Kiwis, named for their resemblance to the brown, fuzzy bird found in New Zealand, are a delicious, versatile fruit. Rich in vitamin C, potassium, fiber and antioxidants, this small fruit offers a lot of benefits. Kiwi fruit are delicate, but with proper selection, storage and preparation, kiwi fruits will maintain juicy, tangy consistency for several weeks.
To enjoy a kiwi right away, select a fully ripe fruit. Look for kiwis with smooth skins free of bruises and scars. Hold the kiwi in your hand and gently press the skin. A ripe kiwi’s skin will give slightly, whereas under-ripe kiwi feel firm. Kiwi fruits come in a variety of sizes, and all sizes have the same taste and texture.
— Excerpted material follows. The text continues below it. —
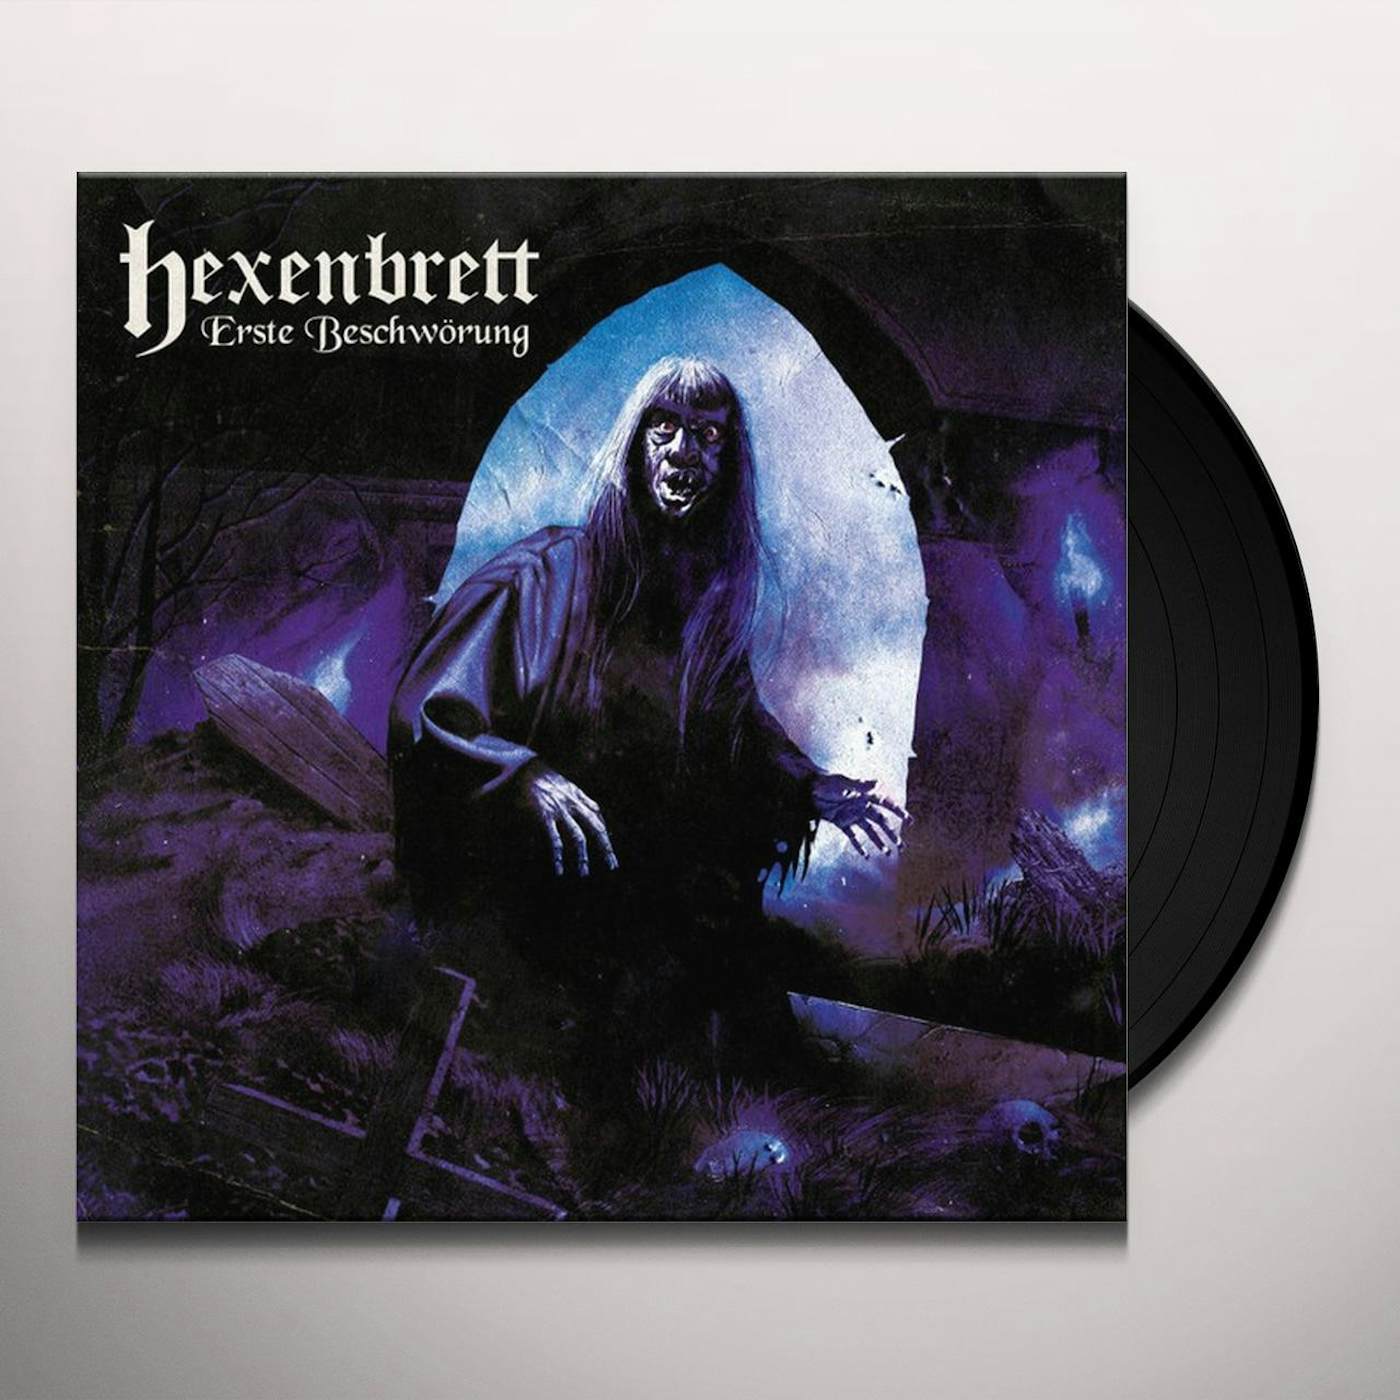 Hexenbrett Record Vinyl - ERSTE BESCHWORUNG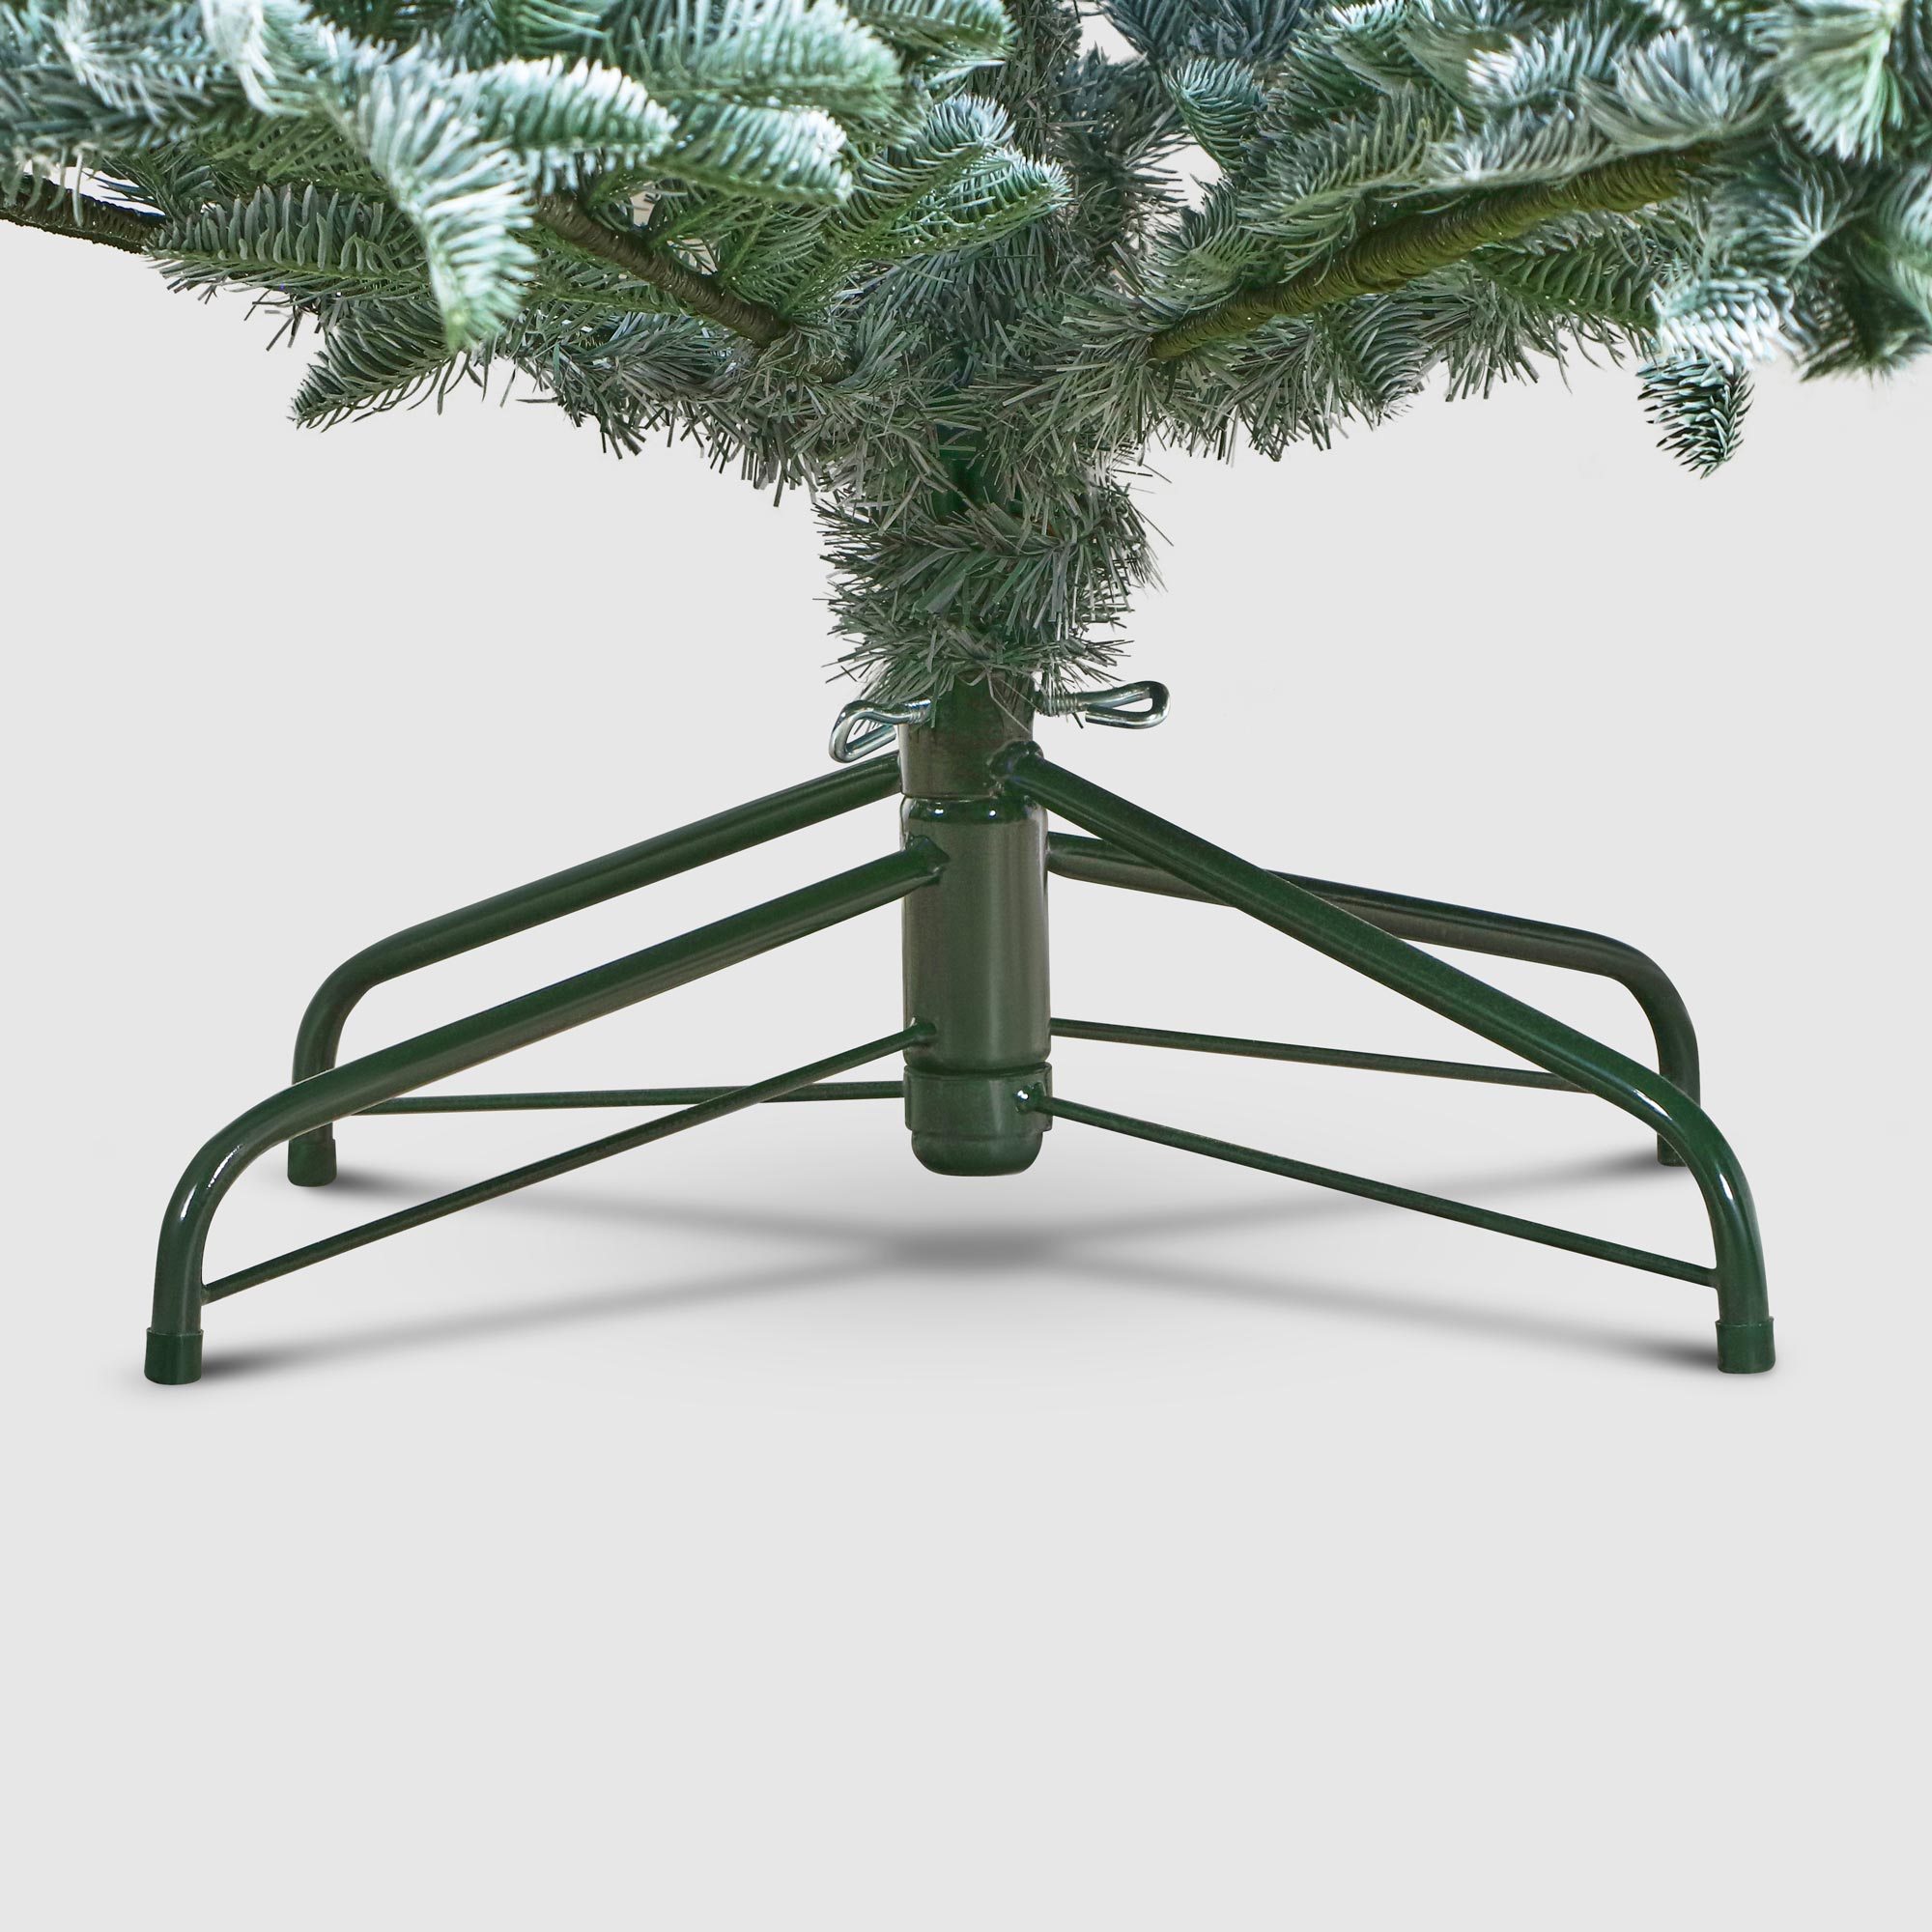 Ель новогодняя Triumph Tree Hallarin 215 см, цвет зеленый - фото 6

Ripe kiwi fruits will last one to four weeks in the refrigerator. Firmer, under-ripe fruits can be stored at temperatures of 65 to 70 degrees C (18.3 to 21 degrees C) for up to eight weeks. Firm kiwis can also be stored in humidity-controlled commercial refrigeration and packaging for up to 10 months, allowing consumers to enjoy kiwi fruit year-round.
Kiwi fruits are best enjoyed at the peak of ripeness. To ripen a firm kiwi, place it in a vented plastic bag with a green banana. The gases emitted by the banana will cause the kiwi to ripen within 24 to 48 hours. Check the kiwi’s firmness at after 24 hours to prevent the kiwi from over-ripening and turning mushy.
Kiwi fruits are delicious when eaten on their own or mixed into a fresh fruit salad. They are also used in pies, cakes and puddings, and juiced to be added to beverages. The entire fruit is edible, including the peal and seeds. To open a kiwi, rinse the outside and slice the fruit in half lengthwise, then scoop out the flesh, or slice the kiwi in rings, leaving the nutrient-rich peel intact.